### Your goal:
Leave out the pictures, and print exactly the lines from the one holding "Top 10 Vitamin K Rich Foods - DrAxe.com" through the last line of the material.

### Data provided:
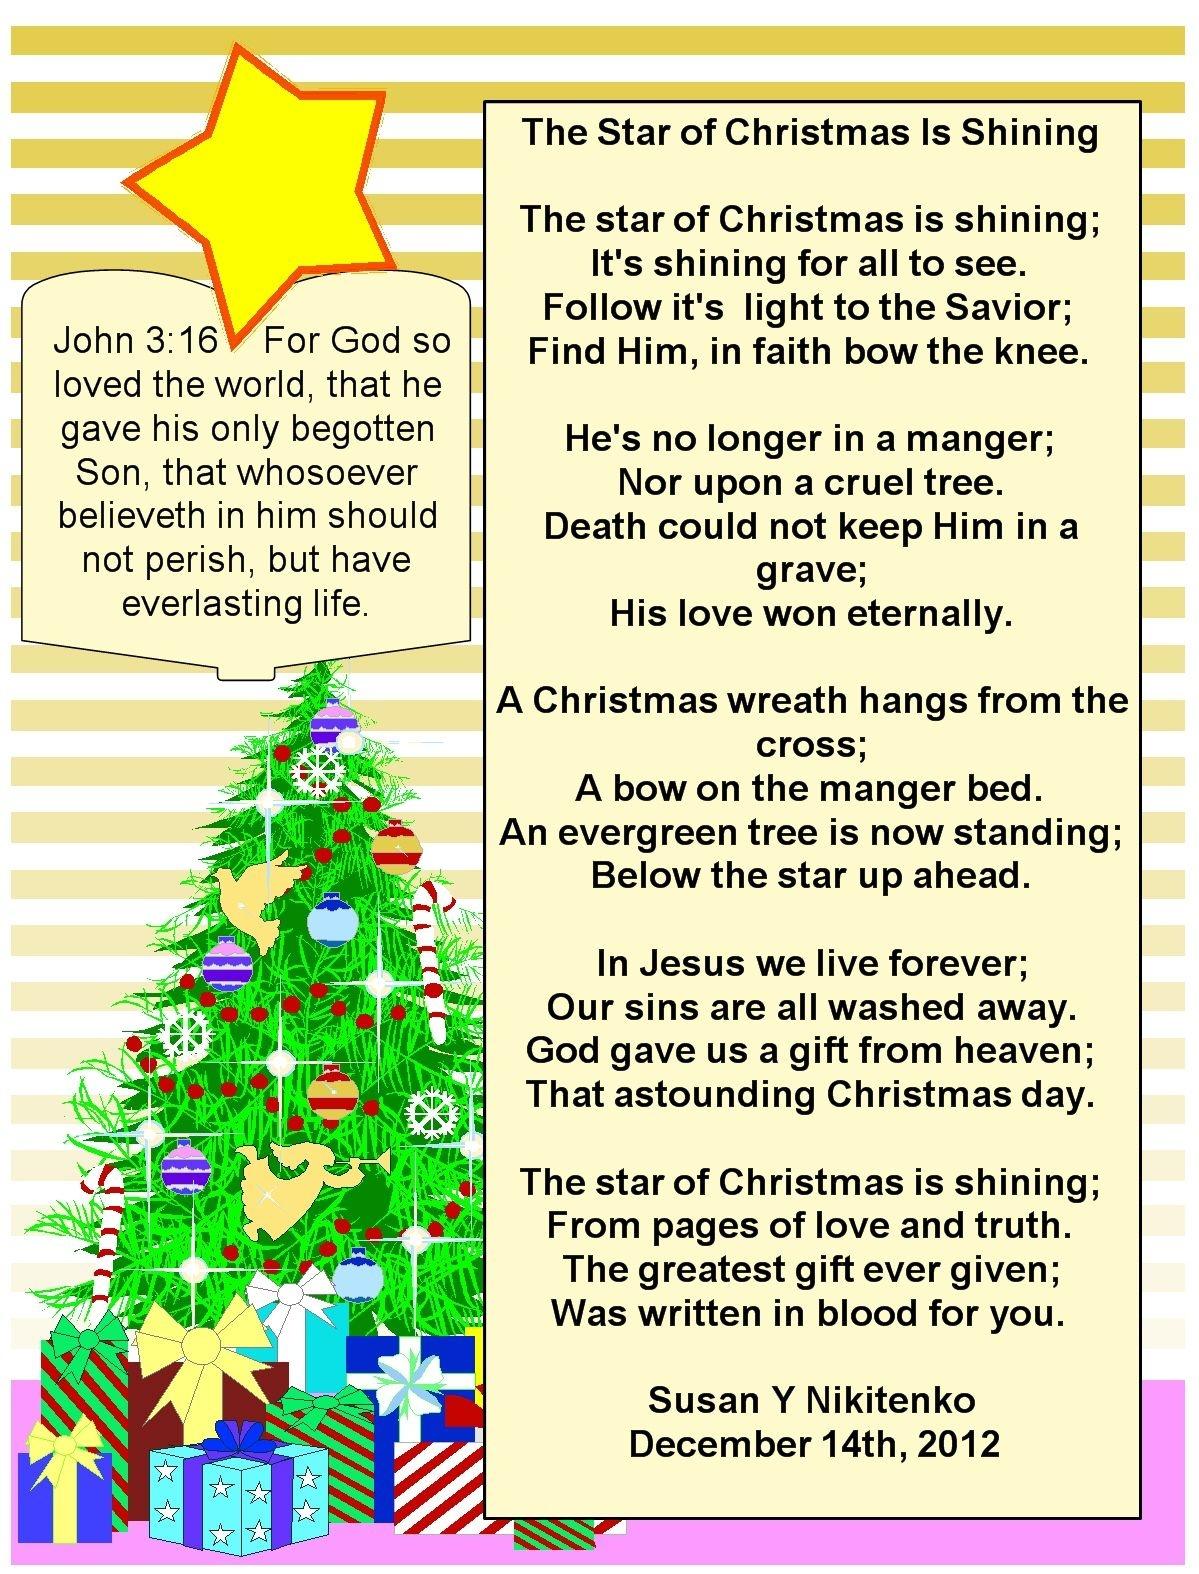 Inspirational Christian Christmas Poems | Christmas Poems | Merry - Free Printable Christian Christmas Poems
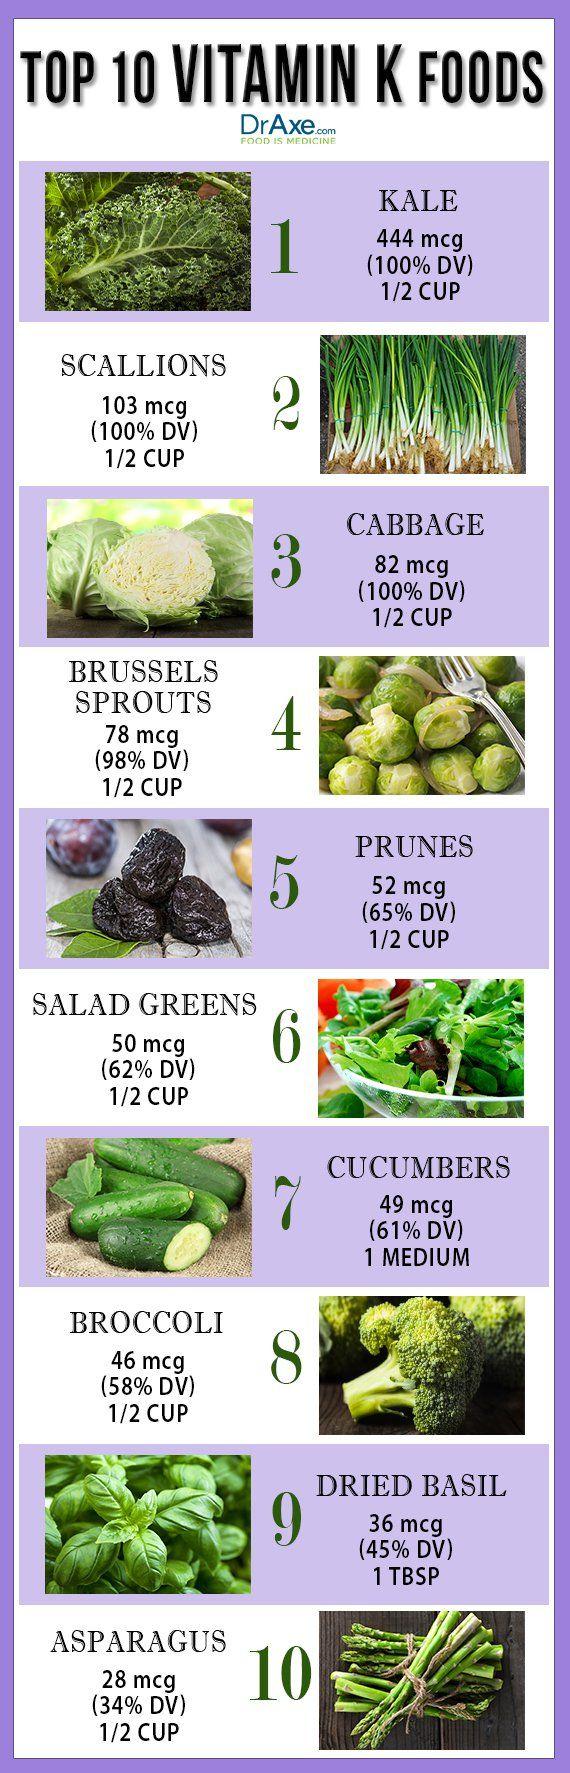 Top 10 Vitamin K Rich Foods - DrAxe.com
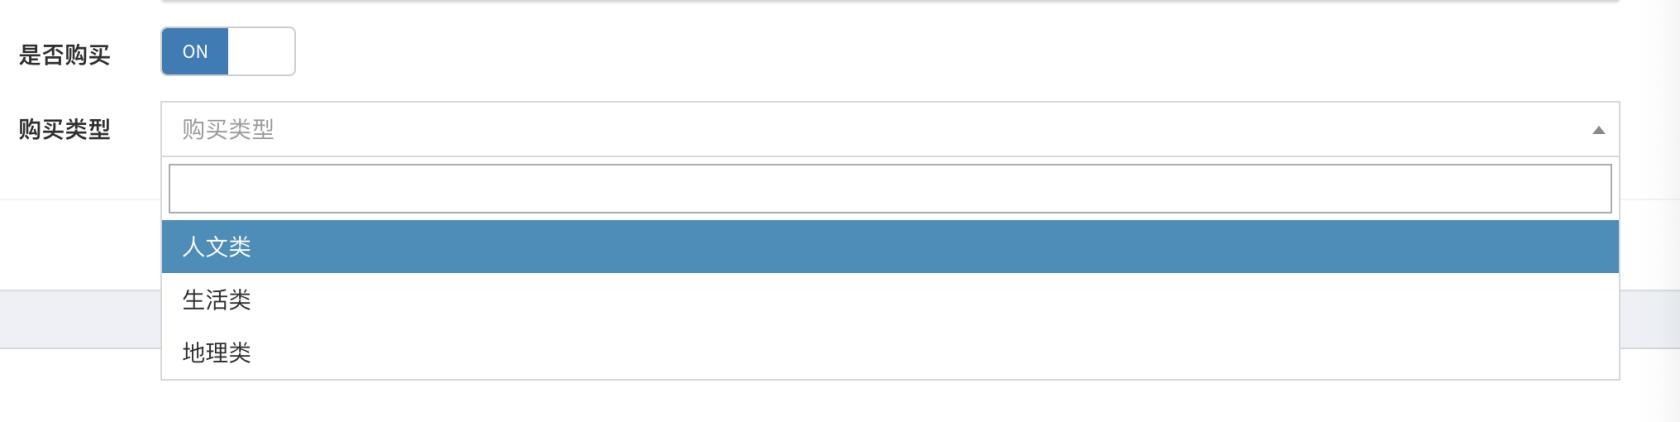 Laravel-admin框架中form表单如何根据select下拉选中事件来动态修改switch的disable状态

### Your solution:
 Top 10 Vitamin K Rich Foods - DrAxe.com
 Laravel-admin框架中form表单如何根据select下拉选中事件来动态修改switch的disable状态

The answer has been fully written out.